(Data excerpts begins)

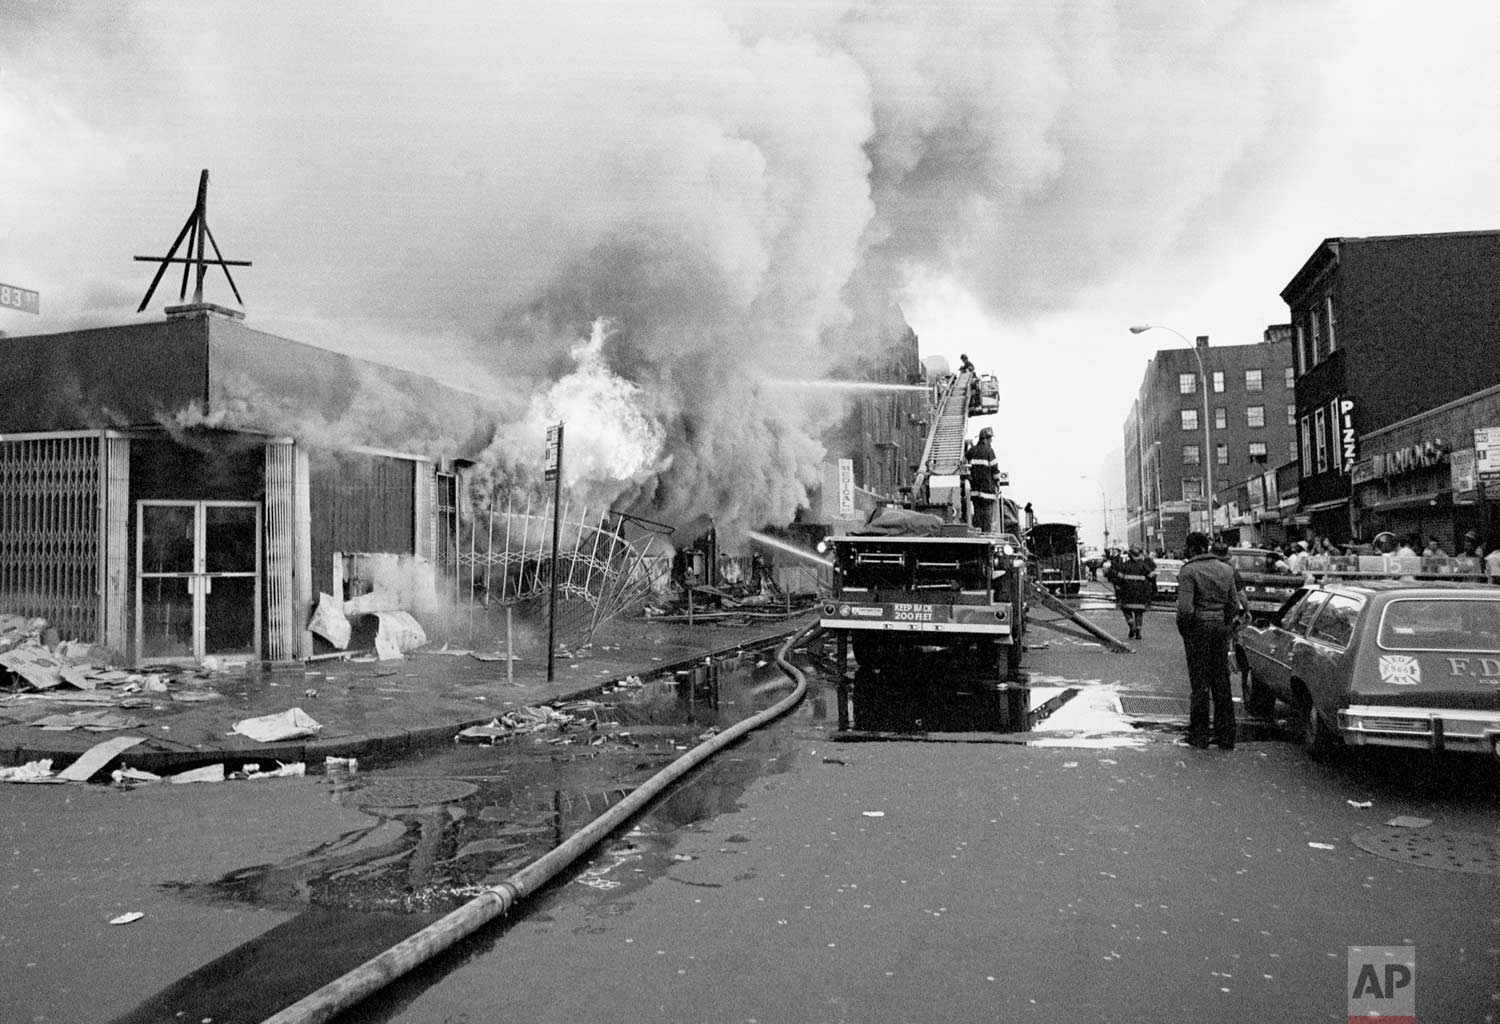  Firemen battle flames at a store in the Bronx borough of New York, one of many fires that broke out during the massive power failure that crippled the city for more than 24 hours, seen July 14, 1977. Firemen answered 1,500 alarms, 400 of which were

(Data excerpts ends)
(Data excerpts begins)

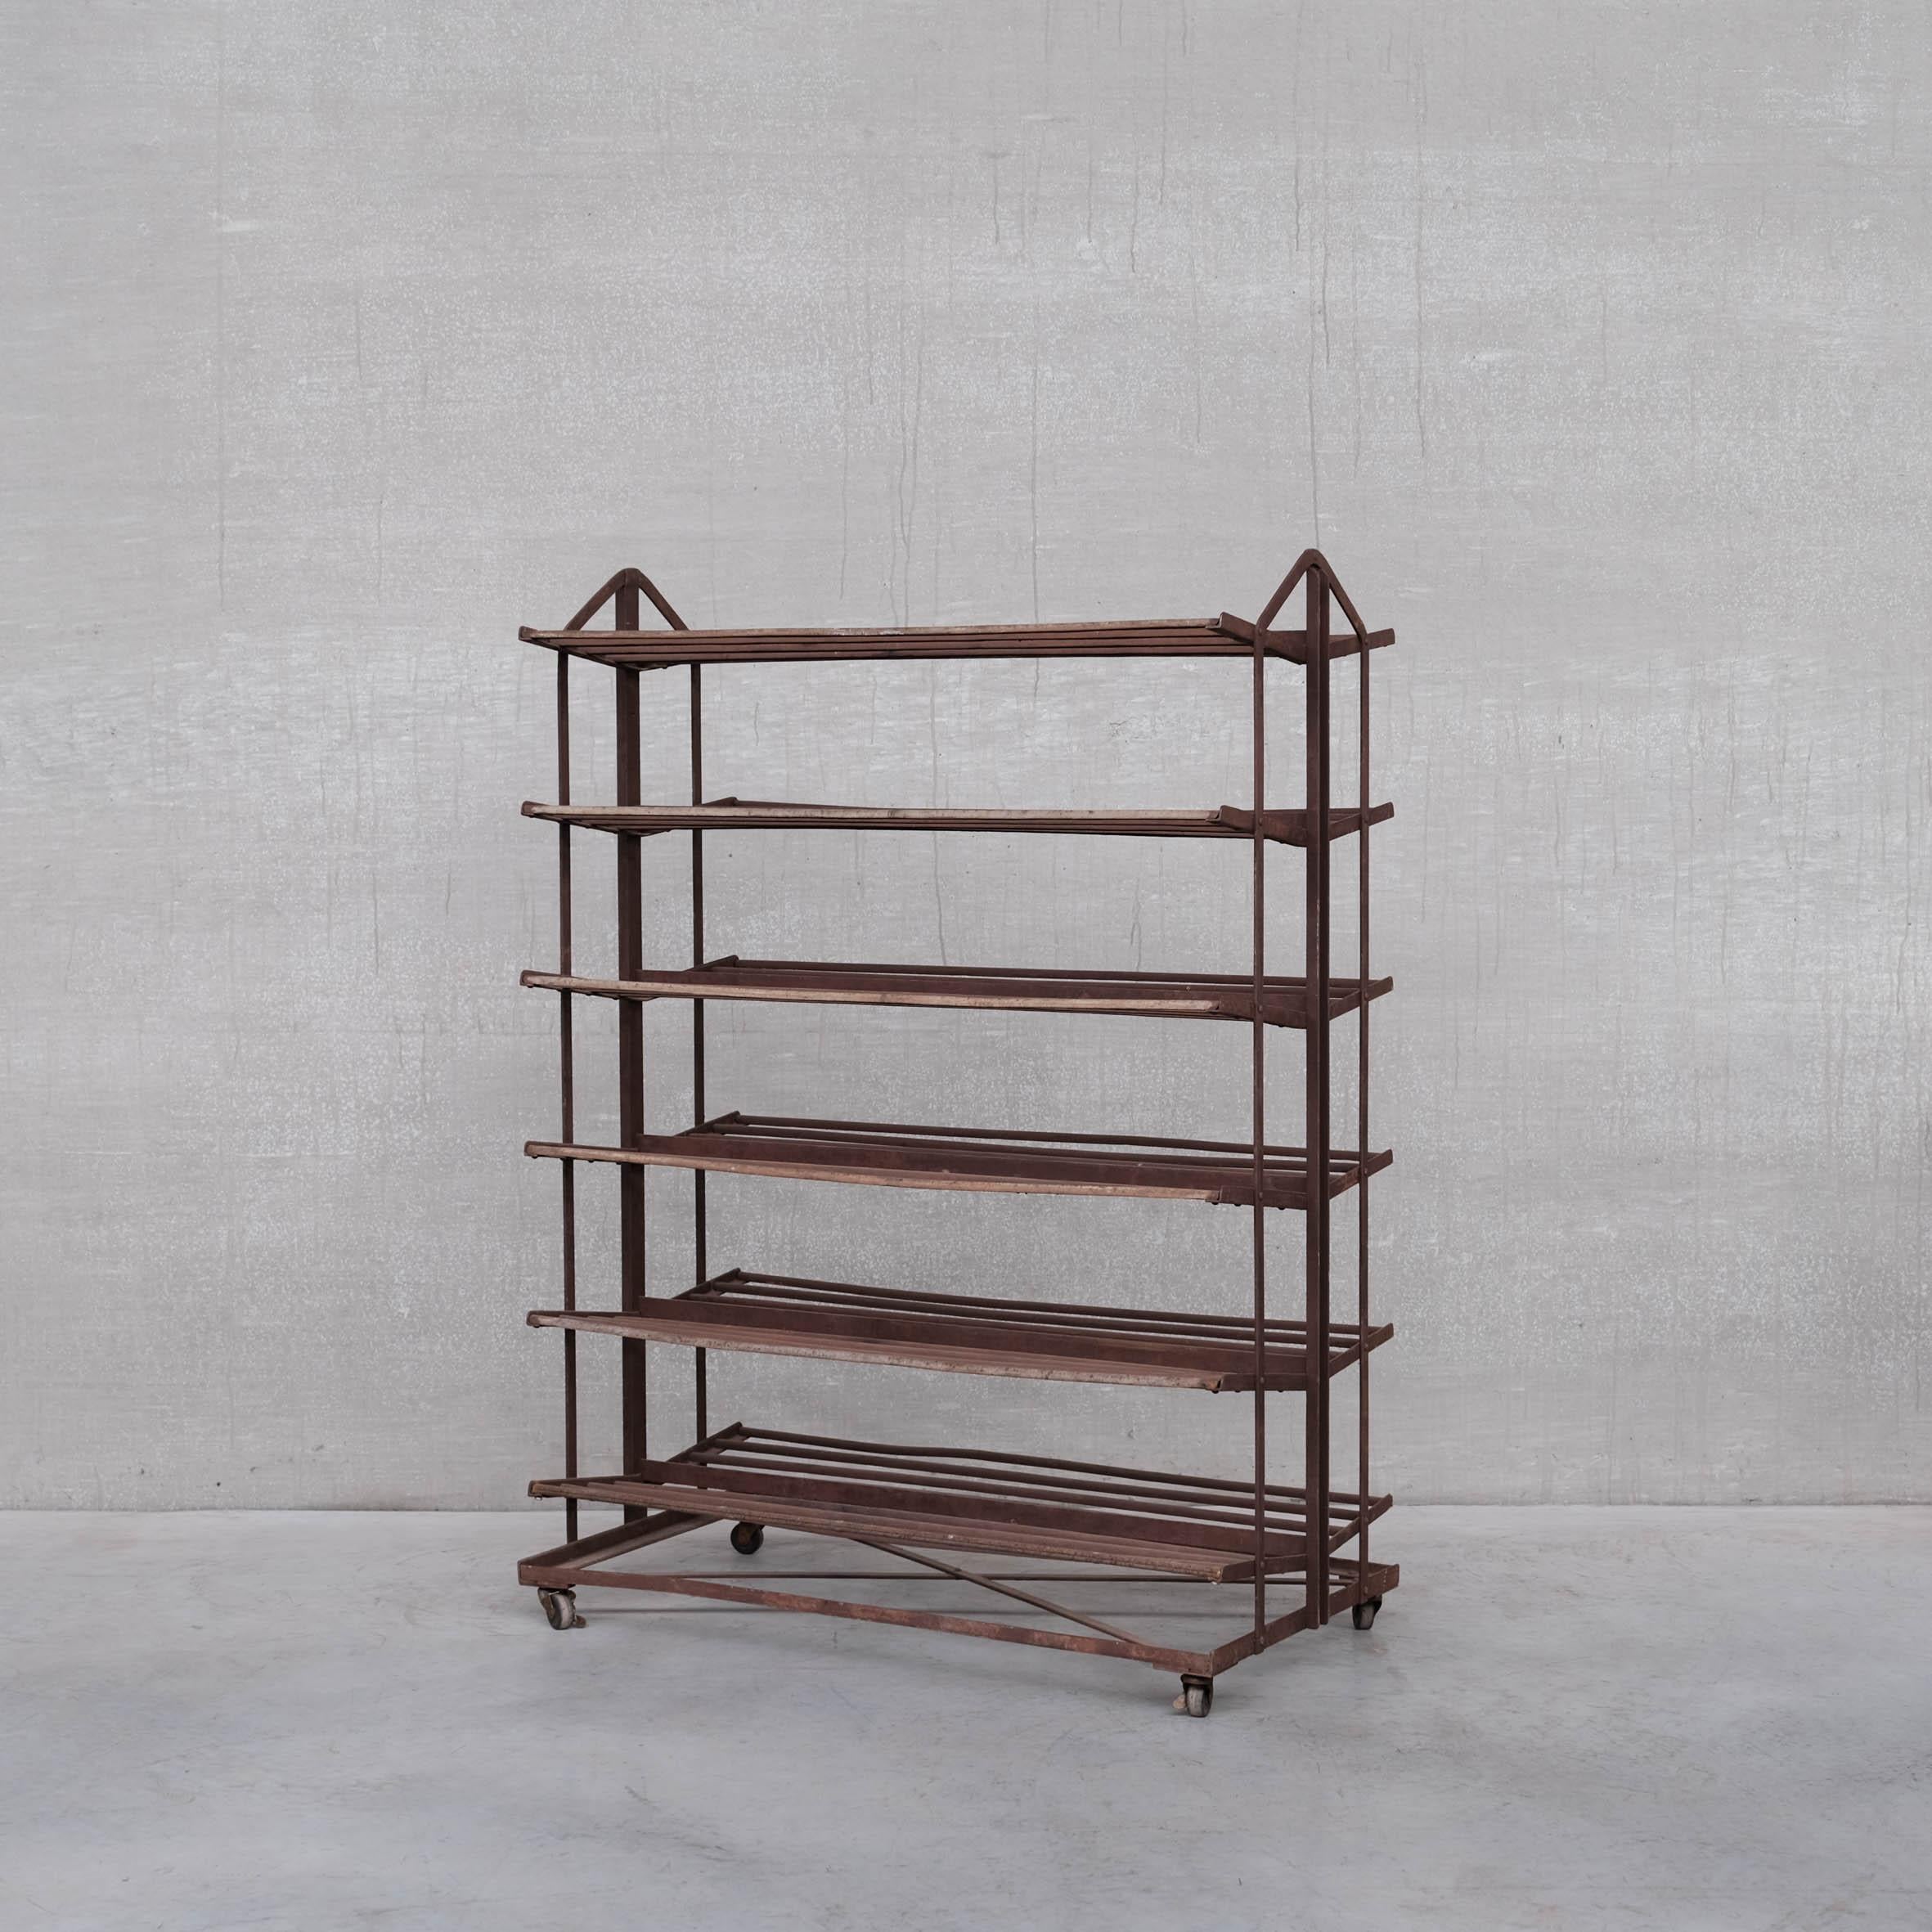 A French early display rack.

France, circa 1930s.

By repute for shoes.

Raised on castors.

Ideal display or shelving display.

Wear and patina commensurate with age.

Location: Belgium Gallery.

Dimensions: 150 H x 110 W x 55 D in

(Data excerpts ends)

## Try it
Look above for the line holding "By repute for shoes." and the line holding "Dimensions: 150 H x 110 W x 55 D in". Retype both, and every line between them, word for word and nothing else.

## Answer to the problem
By repute for shoes.

Raised on castors.

Ideal display or shelving display.

Wear and patina commensurate with age.

Location: Belgium Gallery.

Dimensions: 150 H x 110 W x 55 D in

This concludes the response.